Wow. wow, wow, wow, wow, wow. Did I say, wow?

I thought you were exaggerating with that title. I have two kids, ages 1 & 4, and both are tougher than that. Your husband has got to be one of the most self absorbed persons I have ever heard of. I don't even know if calling him a baby is strong enough. I'm normally all about marriage counseling and that in almost all cases both people have to make adjustments for a marriage to get back on track. But seriously, you have one messed up husband.
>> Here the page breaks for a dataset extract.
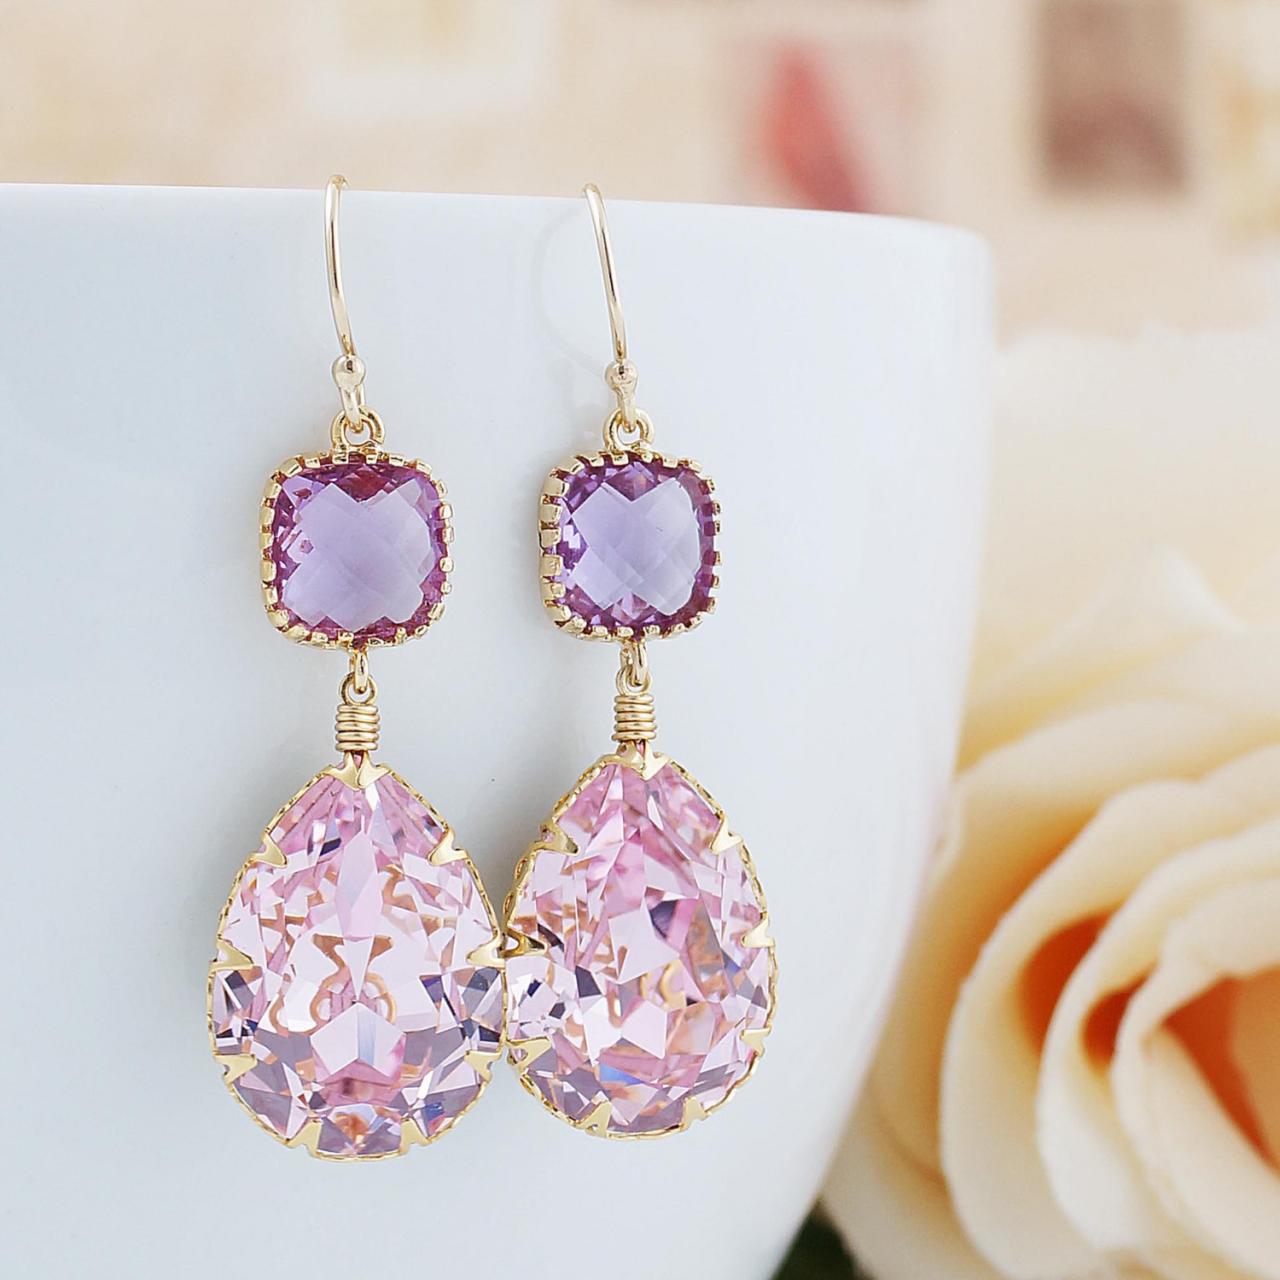 Rosaline Pink Swarovski Crystal Gold Filled Earrings - Dangle Earrings Pastel Earrings Weddings Bridesmaid Jewelry Bridesmaid Gift

You are a obviously a VERY strong person and I have no doubt you will come up with the best decision for yourself and your kids and then you'll act on it. I don't see any hemming or hawing in you, which is great. But the saddest thing for me is that you should not have to be worrying about this. For what you are going through now and will have to in the future, you deserve 100% total commitment and support from your husband. Even if he was acting like a baby before, that he didn't snap into shape immediately upon your diagnosis baffles me. I know you are asking for advice on what you can tell you husband to open his eyes and turn him around, but when just hearing your diagnosis couldn't change him, then I have no clue what you could possibly say to "man" like that to turn his actions around. I do hope others on here can give you real advice, and not just sympathy.

I really hope you have more family in your area to help you, and I'm sure you're already looking into MS support groups. But neither of those really quite replaces the emptiness you probably feel because you can't lean on the person that you chose to be the one who would support and stand by you the rest of your life. I don't know if it is possible for a person to fail their spouse in a worse possible way than to basically abandon them when they are needed most, and his emotional abandonment is just as severe as a physical one.

I really hope you do find the support you need, my prayers are definitely with you and your children.